▶ [GOAL OF THE EXERCISE] Skip the pictures. Transcribe the rest of the data below without changing a word.

▶ [RECORDED INFORMATION]

────────

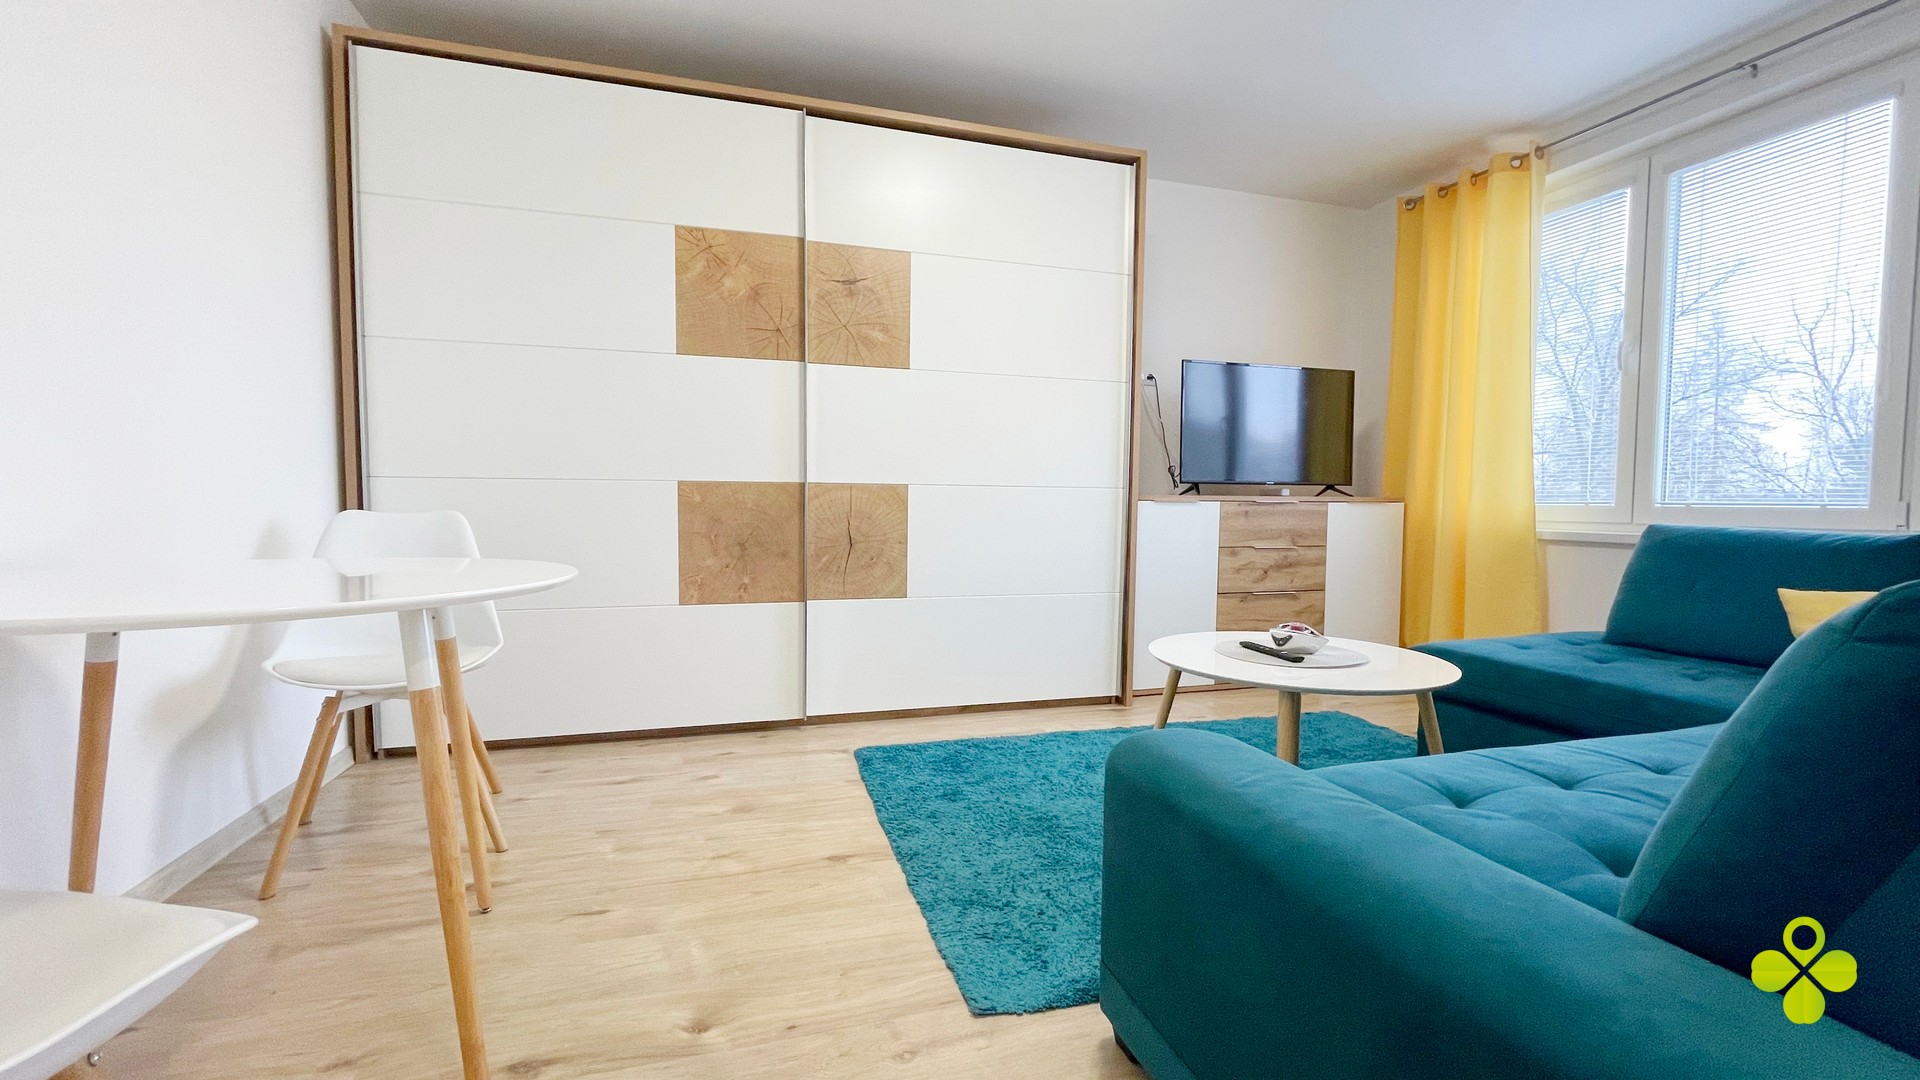 PRENAJATÝ – Zrekonštruovaný 1 a pol izbový byt Prievidza Dlhá ulica
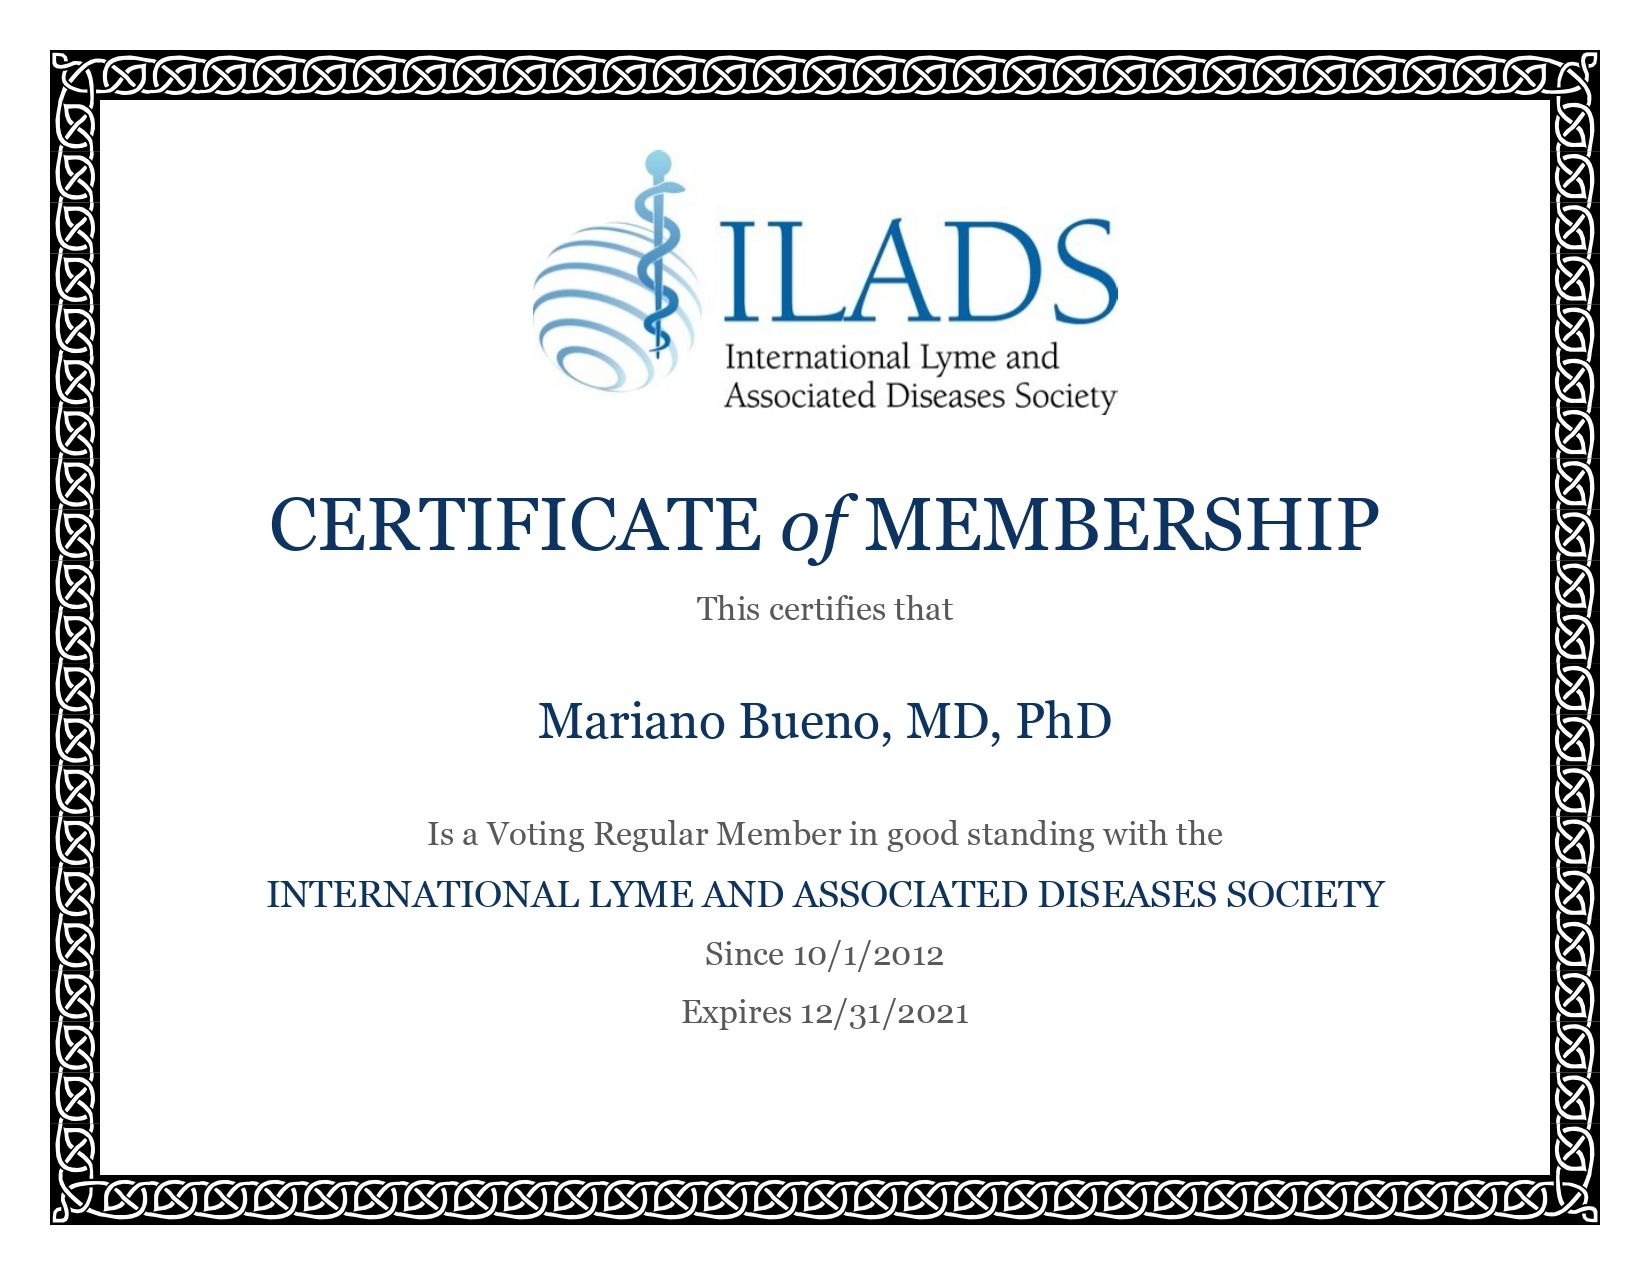 Certificat de membre de l'ILADS
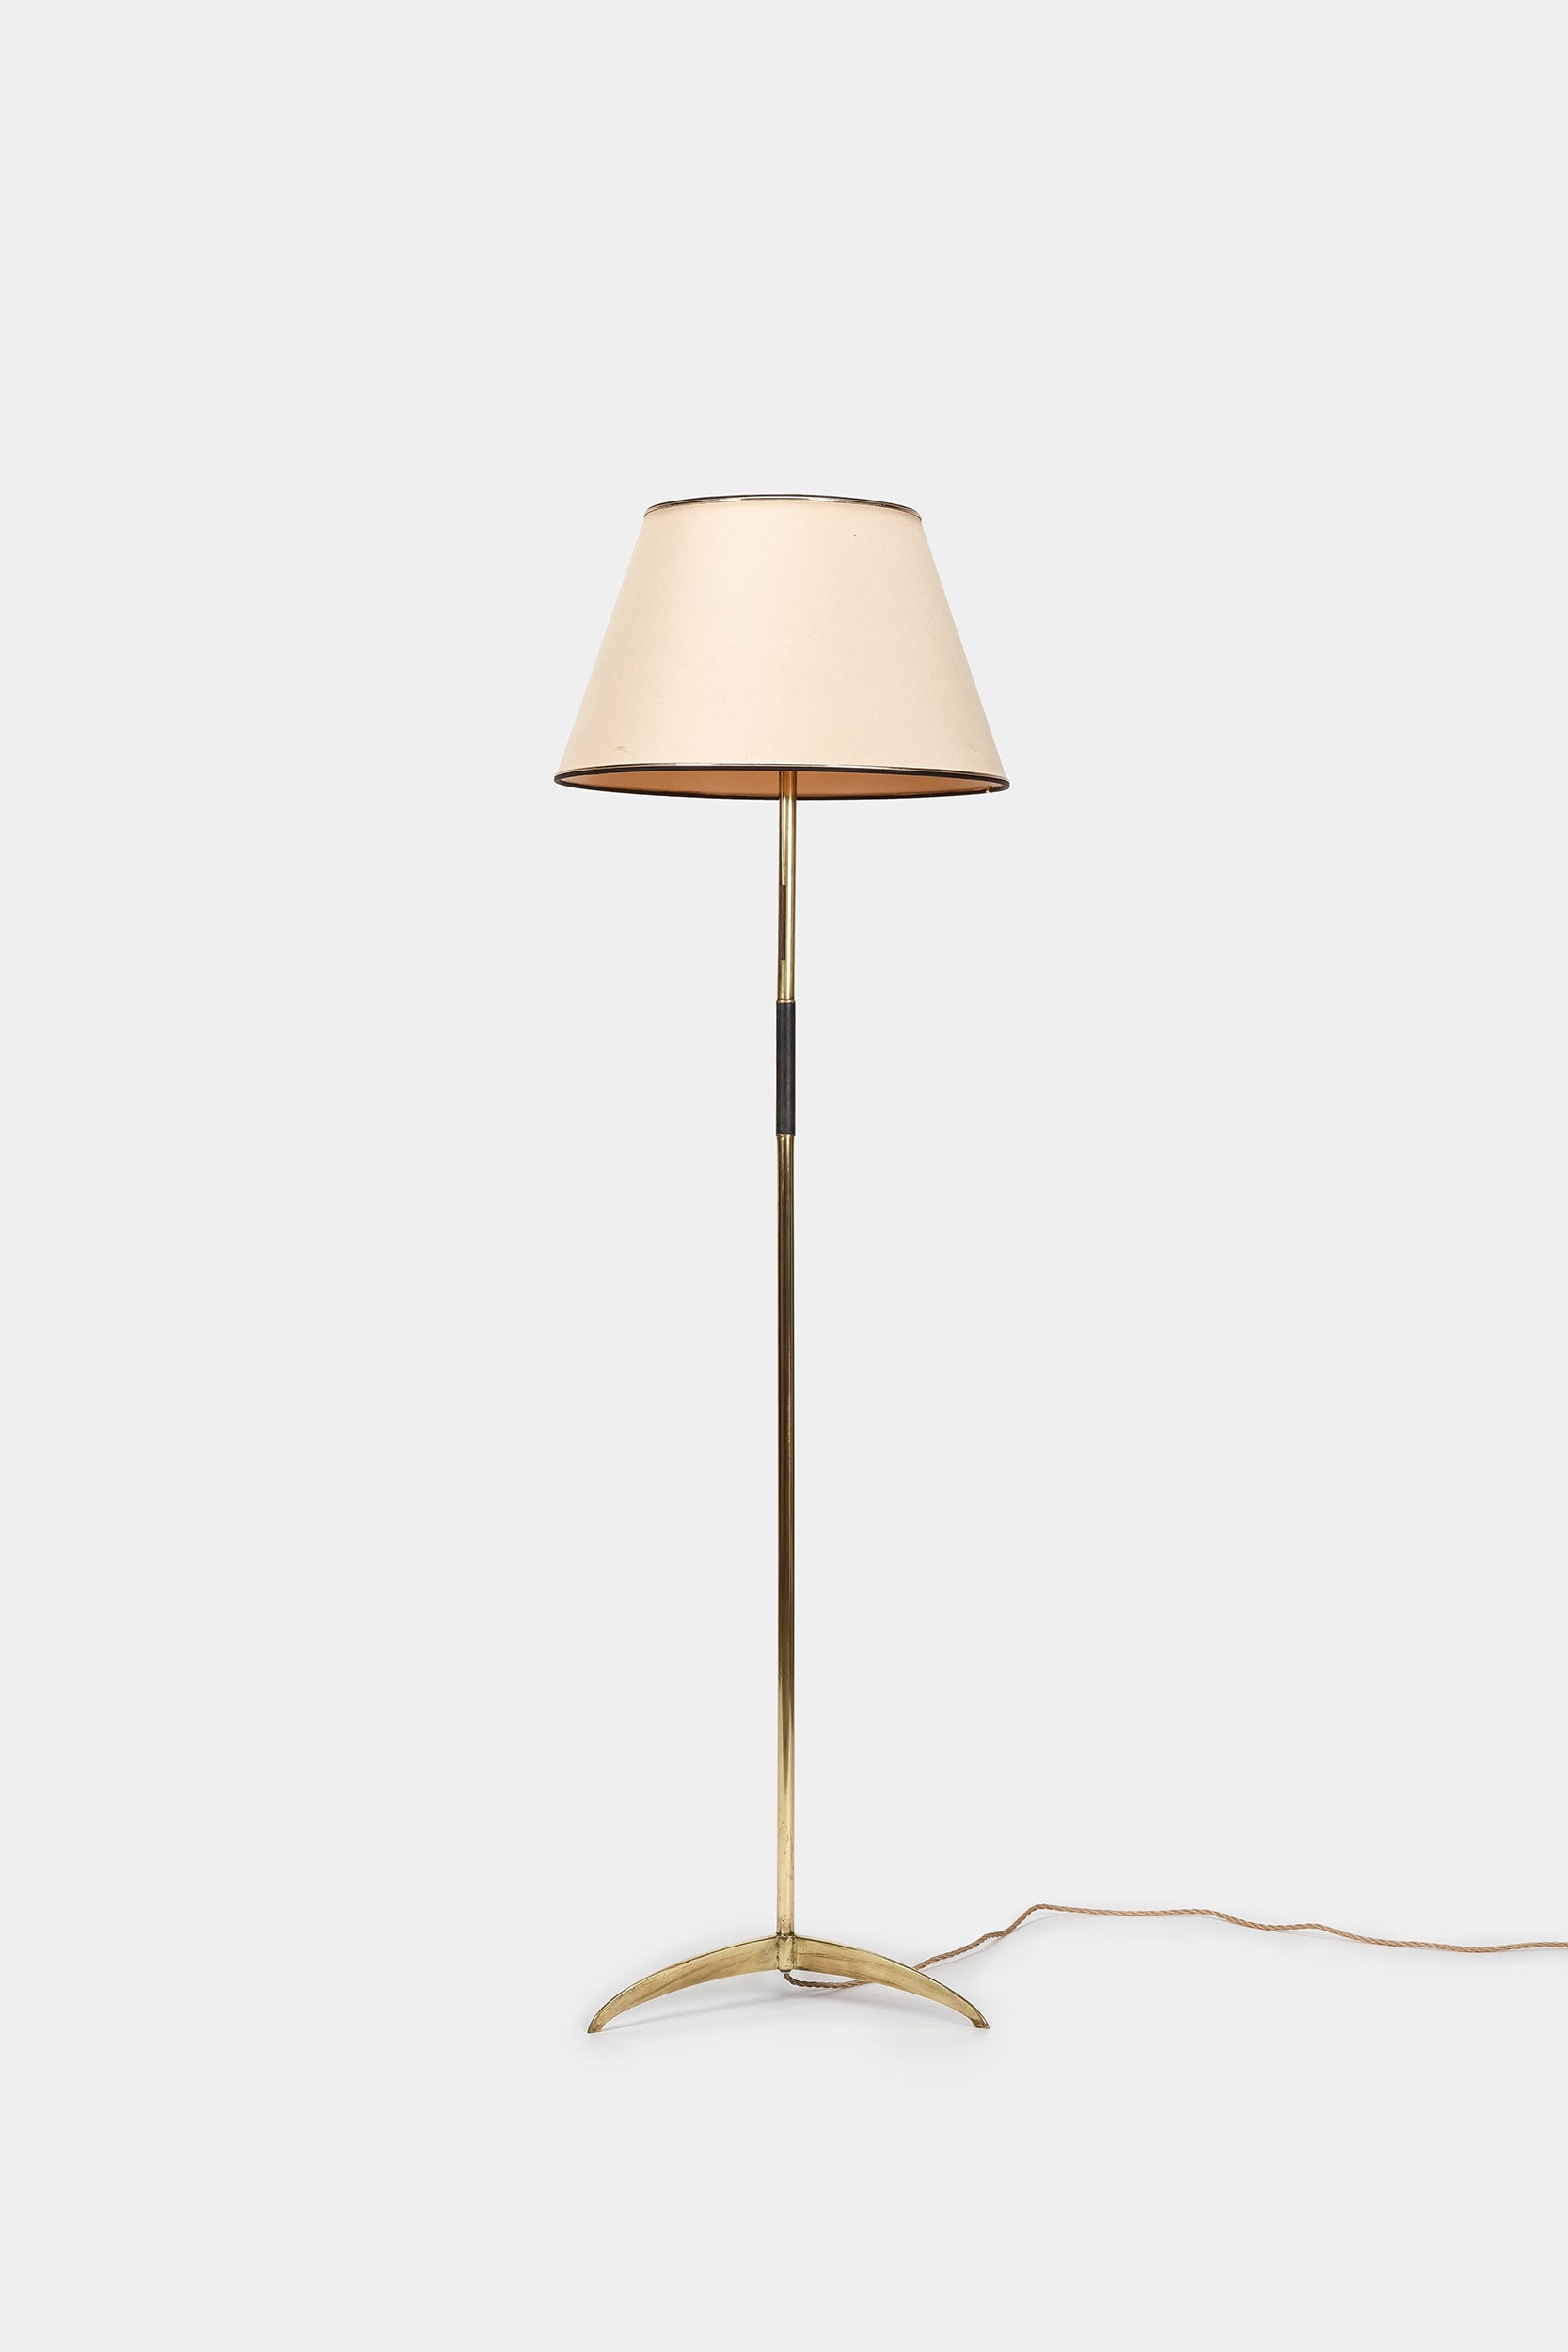 Floor Lamp, France, 60s

────────

▶ [SOLUTION TO THE EXERCISE]
 PRENAJATÝ – Zrekonštruovaný 1 a pol izbový byt Prievidza Dlhá ulica
 Certificat de membre de l'ILADS
 Floor Lamp, France, 60s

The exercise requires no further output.